• **TASK INPUT**:
————————
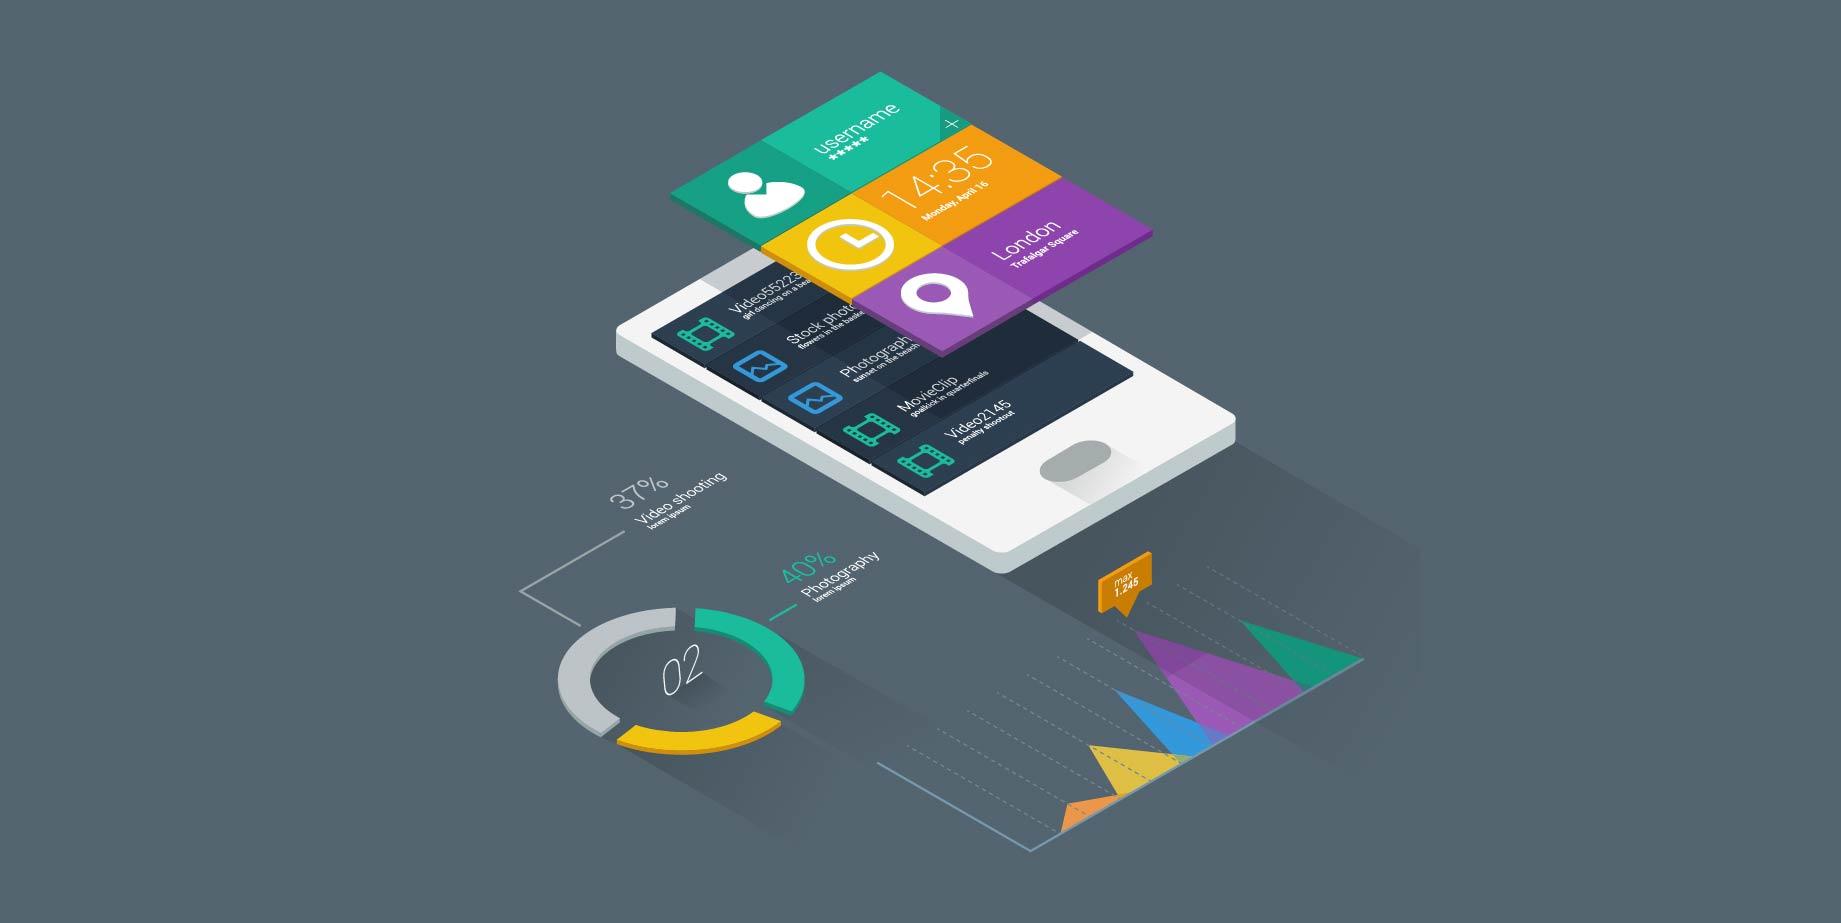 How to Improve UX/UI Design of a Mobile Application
————————
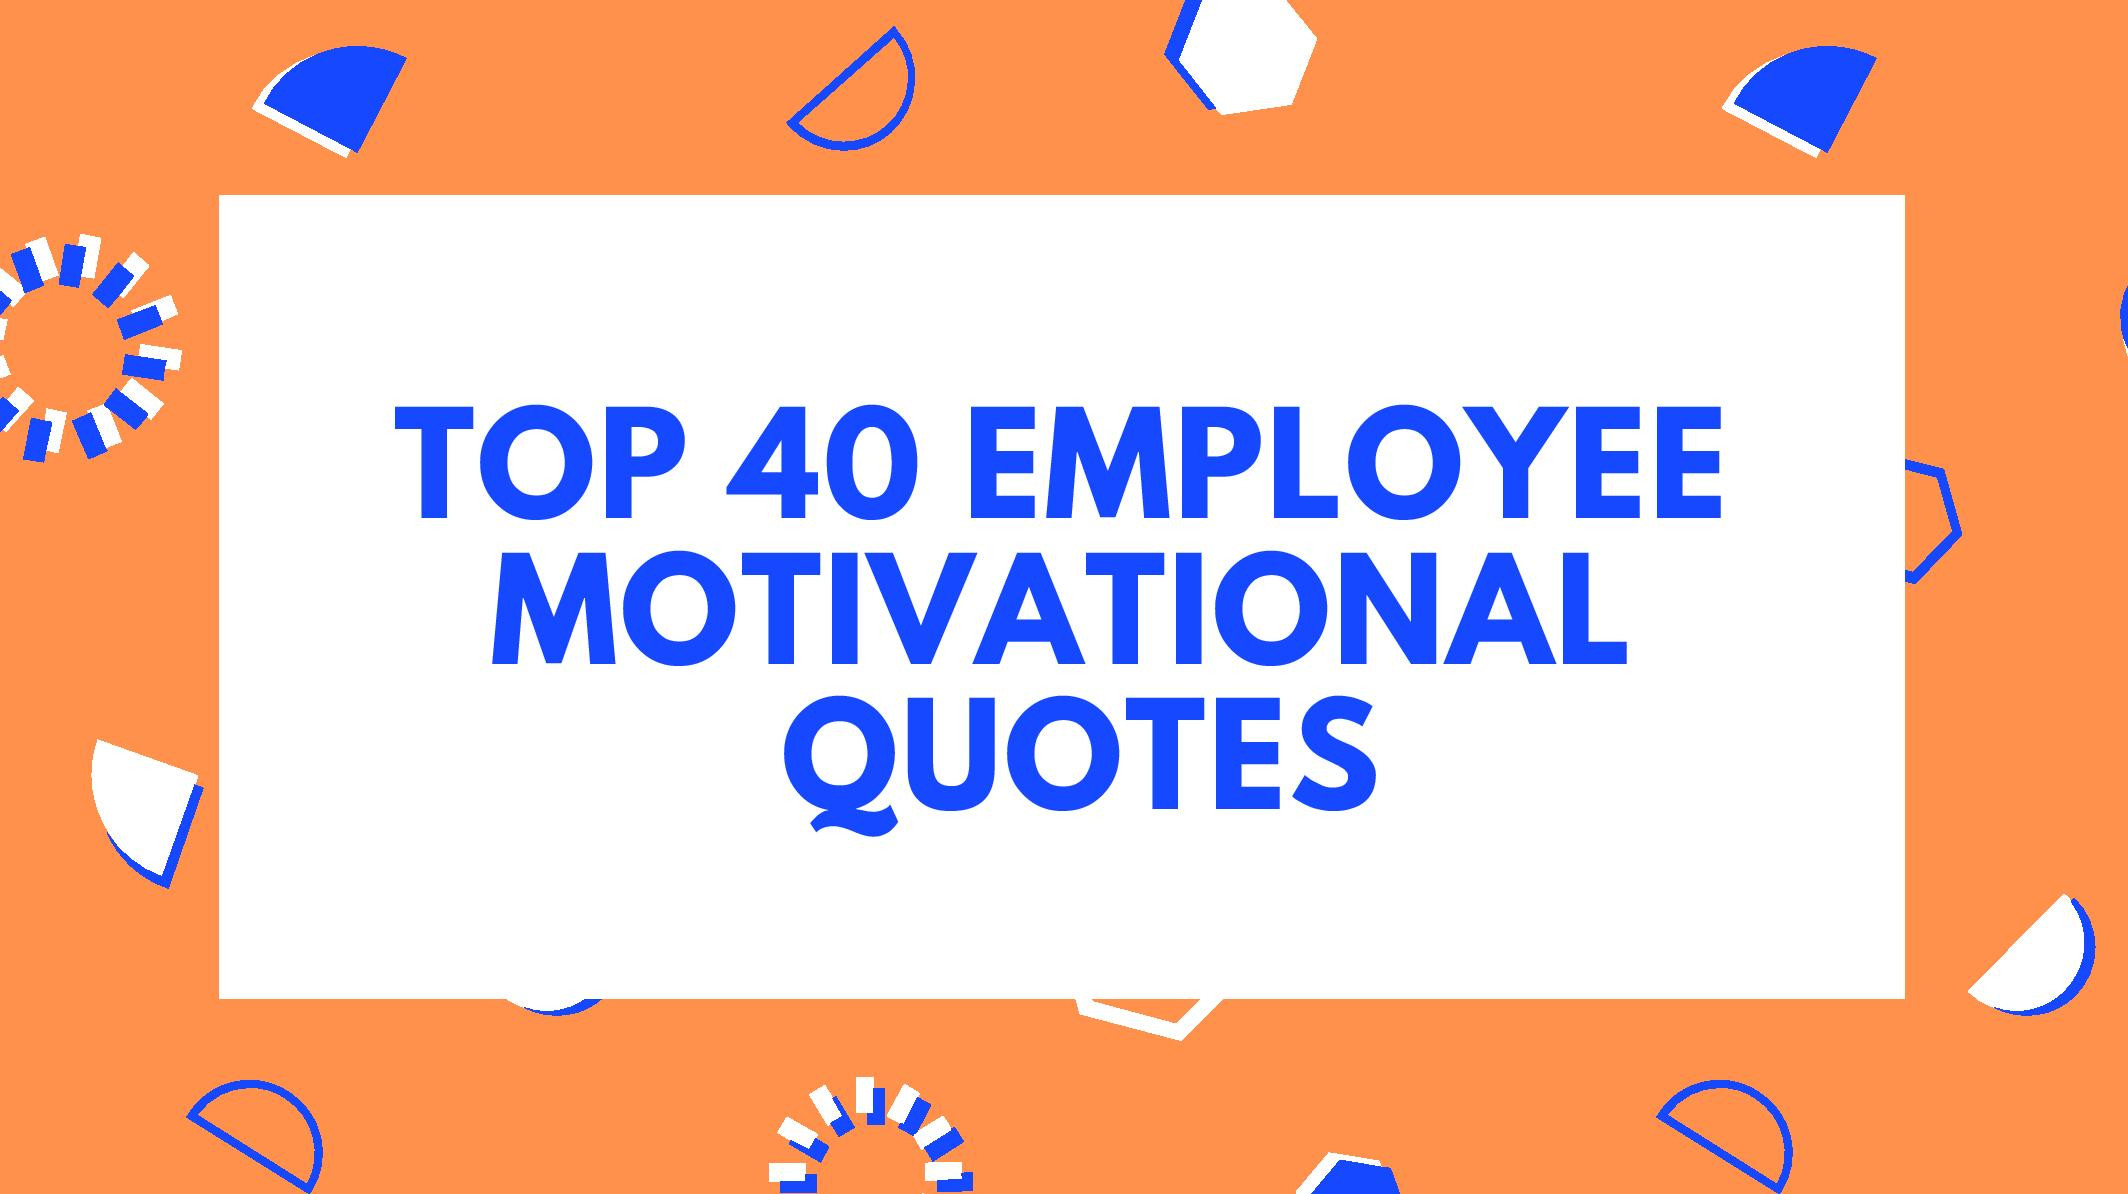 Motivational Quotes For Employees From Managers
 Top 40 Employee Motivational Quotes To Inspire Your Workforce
————————
• **AIM OF THE TASK**:
Respond with the exact lines above running from the one containing "Motivational Quotes For" to the one containing "Top 40 Employee", both ends kept and no pictures included.

• **RESULT BELOW**:
 Motivational Quotes For Employees From Managers
 Top 40 Employee Motivational Quotes To Inspire Your Workforce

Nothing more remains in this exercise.